APPROXIMATE STATE-SPACE AND TRANSFER FUNCTION MODELS FOR 2x2 LINEAR HYPERBOLIC SYSTEMS WITH COLLOCATED BOUNDARY INPUTS

Two approximate representations are proposed for distributed parameter systems described by two linear hyperbolic PDEs with two time- and space-dependent state variables and two collocated boundary inputs. Using the method of lines with the backward difference scheme, the original PDEs are transformed into a set of ODEs and expressed in the form of a finite number of dynamical subsystems (sections). Each section of the approximation model is described by state-space equations with matrix-valued state, input and output operators, or, equivalently, by a rational transfer function matrix. The cascade interconnection of a number of sections results in the overall approximation model expressed in finite-dimensional state-space or rational transfer function domains, respectively. The discussion is illustrated with a practical example of a parallel-flow double-pipe heat exchanger.

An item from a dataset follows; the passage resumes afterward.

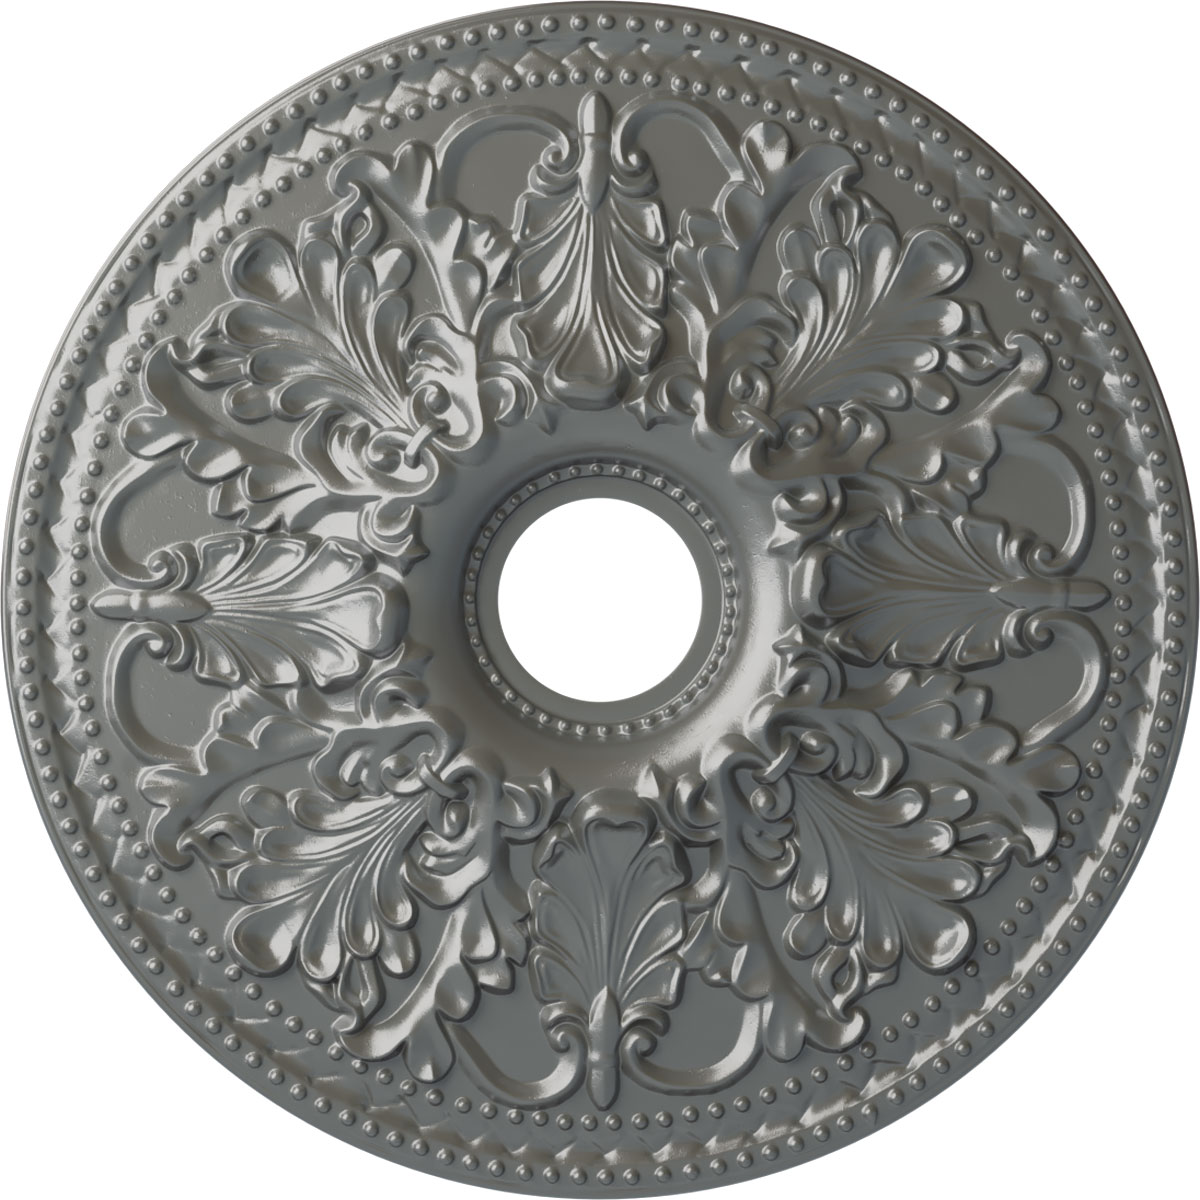 Ekena Millwork 23 7/8"OD x 4"ID x 2 1/8"P Ashley Ceiling Medallion (Fits Canopies up to 4 3/4"), Hand-Painted Silver - image 1 of 4

Its steady-state, frequency and impulse responses obtained from the original infinite-dimensional representation are compared with those resulting from its approximate models of different orders. The results show better approximation quality for the "crossover" input-output channels where the in-domain effects prevail as compared with the "straightforward" channels, where the time-delay phenomena are dominating.